The final season won't answer all your questions

"Obviously, not every question is going to be answered, so obviously some people are going to be upset that these particular questions don't get resolved," Cuse said, adding: "We feel if we just tried to answer questions, it would be very pedantic. Apart from that, we also really embrace this notion that there's a fundamental sort of sense of mystery ... and to sort of demistify that by trying to literally explain everything down to the ... last little ... midichlorian of it all would be a mistake, in our view. So I think there will be hopefully a ... healthy cocktail of answers, mystery, good character resolutions and some surprises."

The final season will feel like the first

"For us, ... there's an inherent process when you're ending something ... to be thinking about the beginning as writers, and in fact the story of the sixth season very specifically has to go back to the beginning to examine a lot of things. ... When you basically say, 'Here's where our character started, A, when we first met them, and here's where they've come to,'" Lindelof said.

"One of the things that I think we're trying to do—all of us, the actors and the writers as well—in the sixth season is to show the audience the 'before,' so they have some sense of 'Oh, this is what he used to be, and who they are now,' so you really get a sense of how far that person's come. And obviously, the process of doing that—not just thinking about it, but doing it on a story level—really makes you feel like we felt in season one."
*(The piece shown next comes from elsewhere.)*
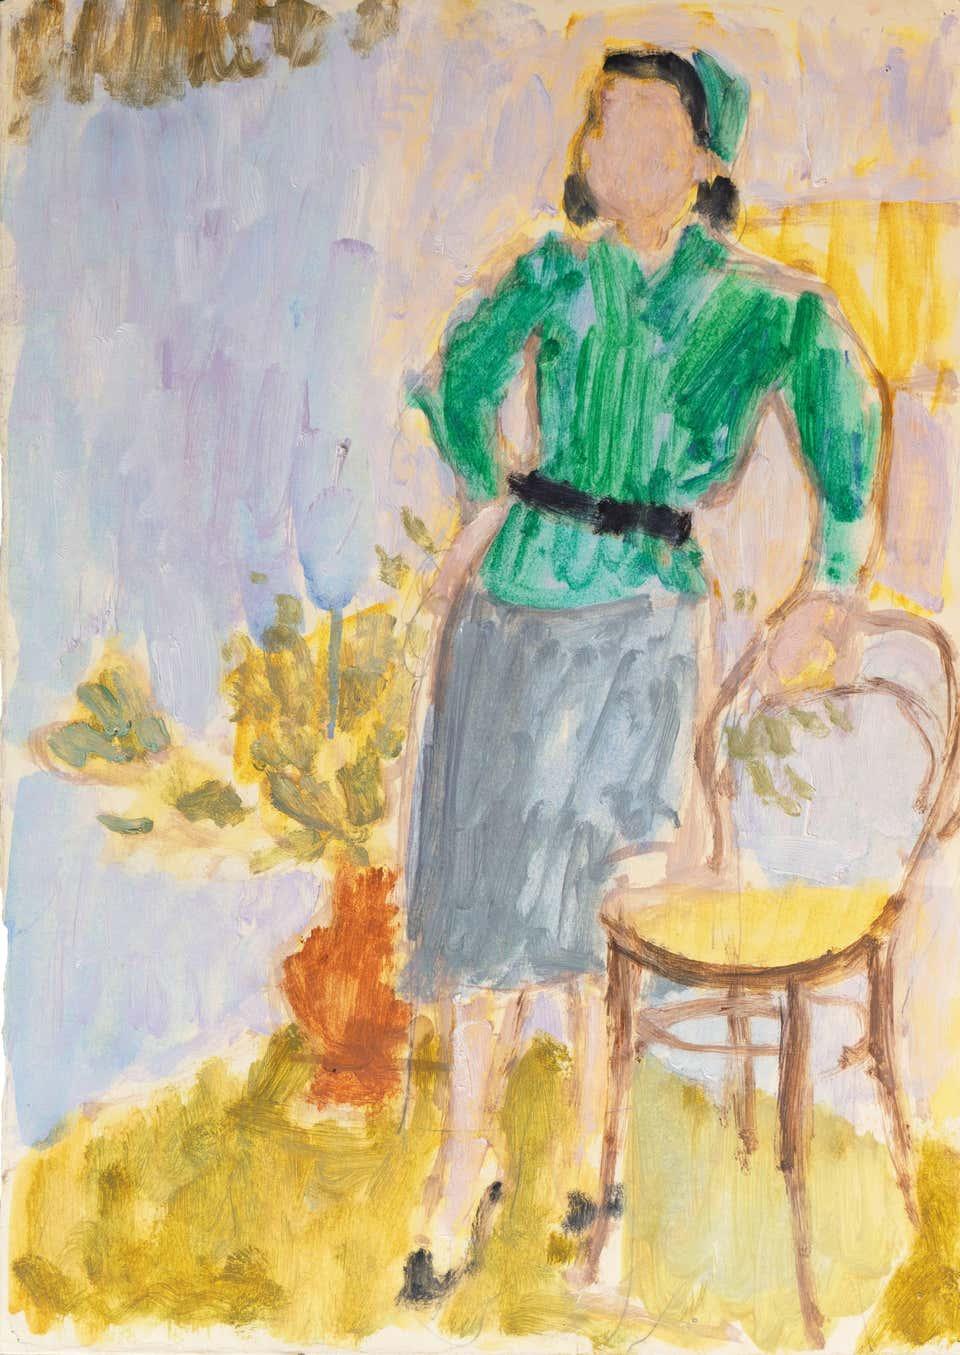 Victor Di Gesu Art - 77 For Sale at 1stdibs

"What I actually think has been quite fascinating and a credit to Damon and Carlton and the writing staff is that we're in now the sixth season of our show, and we're again changing, or they're again changing, the narrative style of the show," said Daniel Dae Kim (Jin).
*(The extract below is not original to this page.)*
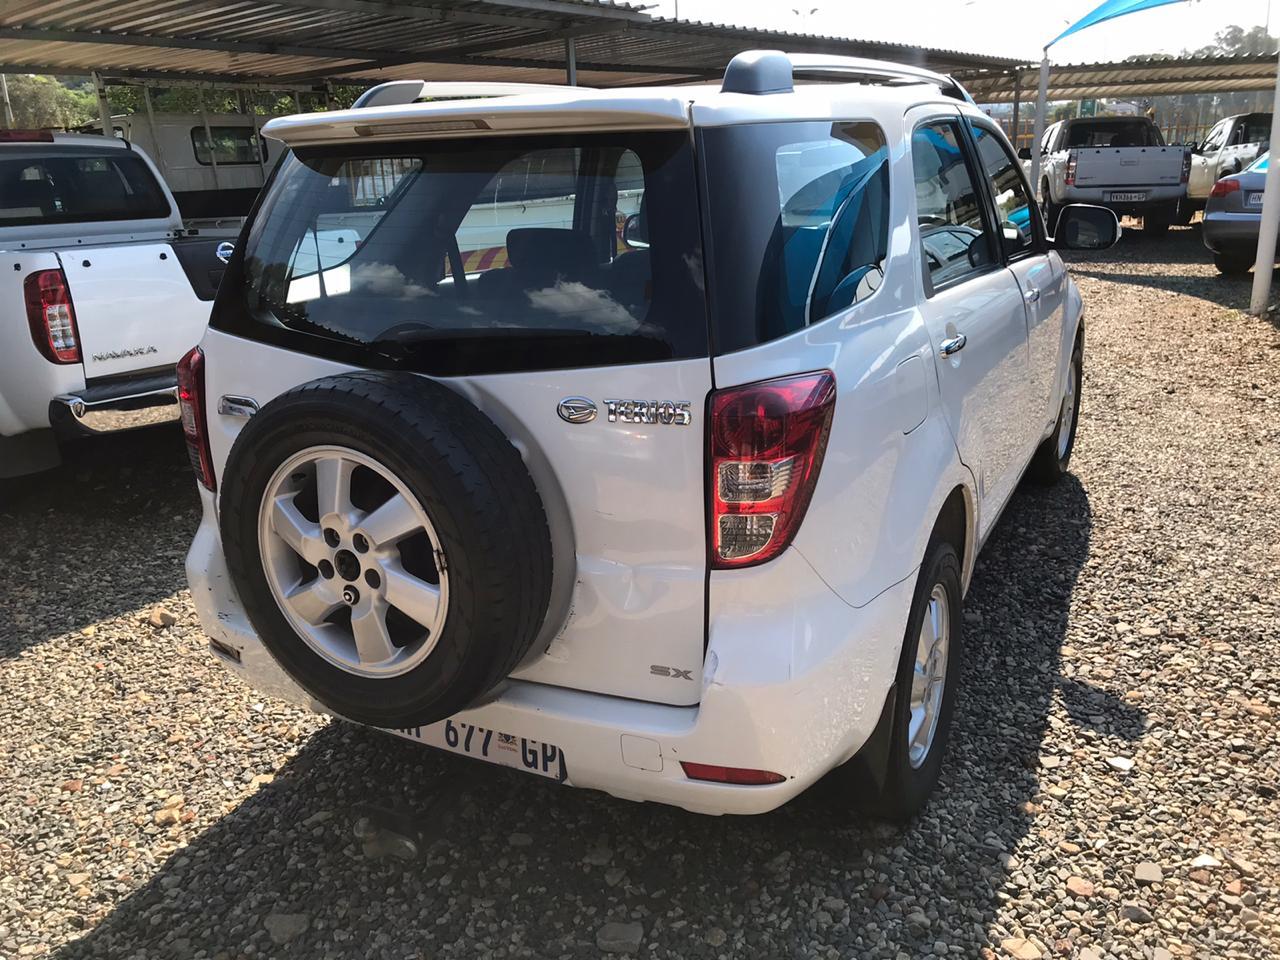 2010 Daihatsu Terios Long 1.5 4x4 7 seater

The final season won't make everyone happy

"All we can do is put our best foot forward," Lindelof said. "We do feel like the worst ending we could possibly provide everyone who has invested this amount of time and energy into watching the show is the safe ending. The ending that is basically ... what's going to be the most appealing to the most number of people. At the same point, you can't take a risk just to take a risk, because that's a betrayal in and of itself.
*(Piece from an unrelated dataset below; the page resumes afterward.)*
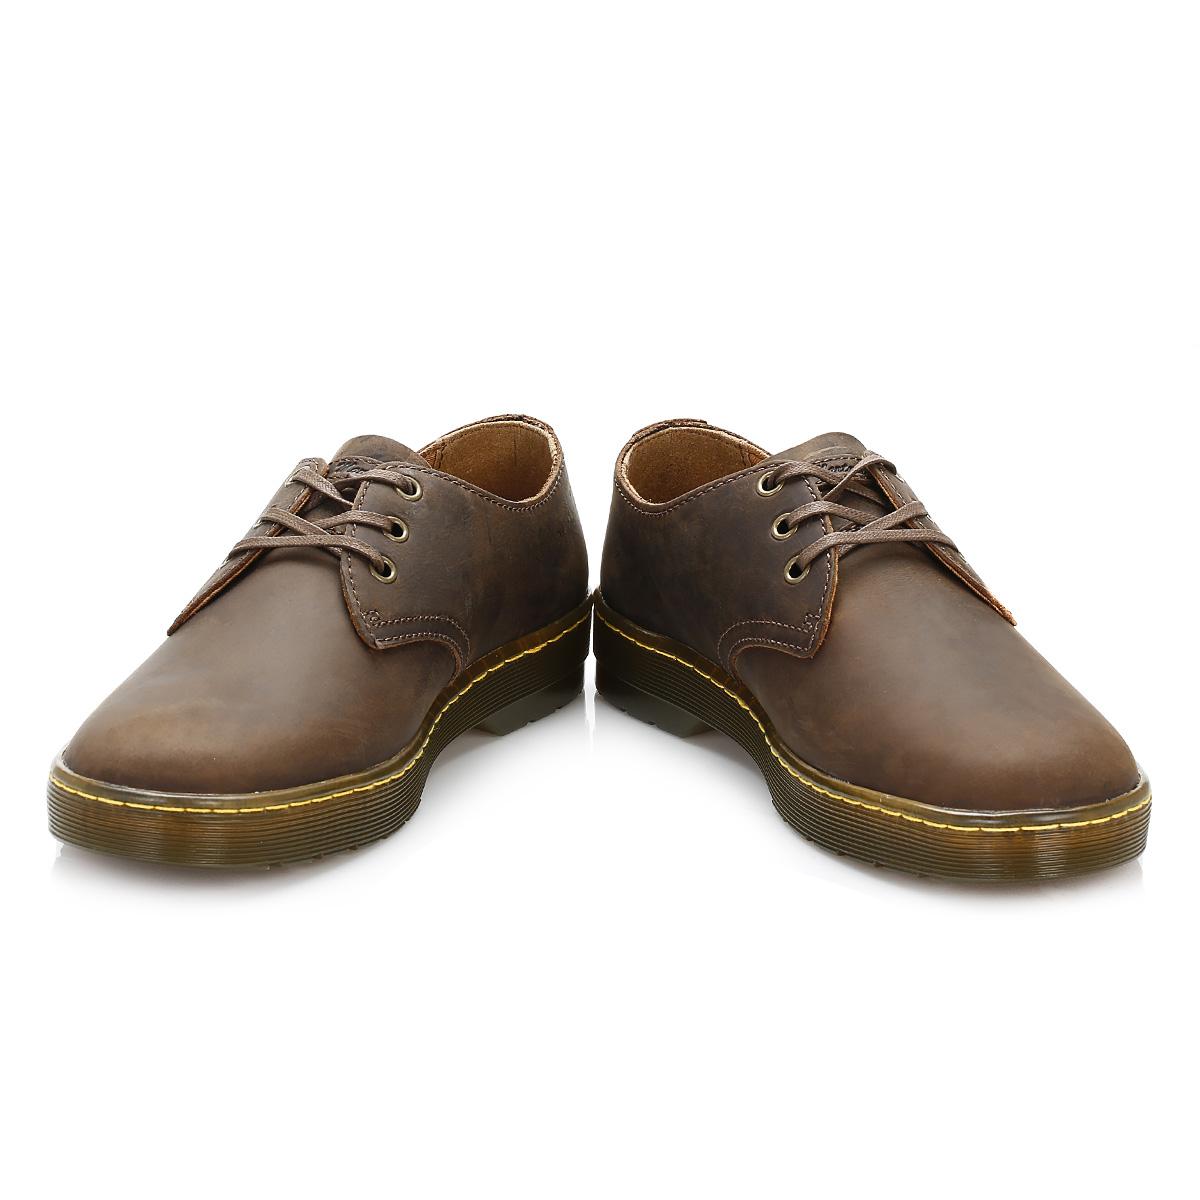 102dc744c7177f Dr. Martens Mens Brown Leather Derby Shoes, Lace Up Smart Casual Docs

"Fortunately for us, we've been talking about how the show's going to end since [ABC entertainment president] Steve [McPherson] gave us an end date three years ago. So we really have no excuse not to say anything other than this is the ending we wanted to do on the terms that we wanted to do it. ... We've had a lot of time to think about it. ... There's certainly a hope on all our parts that everybody ... universally loves the ending that we put forward ... but I don't think it would be Lost if there wasn't ... an ongoing active debate amongst people who watch the show as to whether or not it was a good ending."

There won't be a sequel series

"We are definitively ending this story of these characters ... and the show that we wanted to tell in May, and there's not going to be an implanted sequel. There's not going to be a secret backdoor pilot embedded in that," Cuse said. "The story of Lost ... is coming to a close this May."

"Personally, I'm just feeling a tremendous amount of gratitude, the idea that ... we're getting to end something ... while everybody still cares, while we still love each other, as opposed to everybody saying it's about time," Lindelof said. "This is a sort of once-in-a-lifetime, once-in-a-career experience; for a show that's still performing for the network to allow us to end it is a tremendous gift."

"We came up with the final image of the show a long time ago, when we were first planning out the mythology of the first season," Cuse said. "And then we started adding elements to that as we went along. And, really, ... between the first and second season was when we cooked the mythology ... and we kind of knew what the endpoint was. But as you move to the endpoint, you add elements. And obviously the end is not yet written. And there are certain ... mythological architectural elements that are intact for that. But a lot of the character stuff will get worked out as we go along."

Lost returns Feb. 2 with a two-hour premiere, starting at 9 p.m. ET/PT, and will air Tuesdays at 9.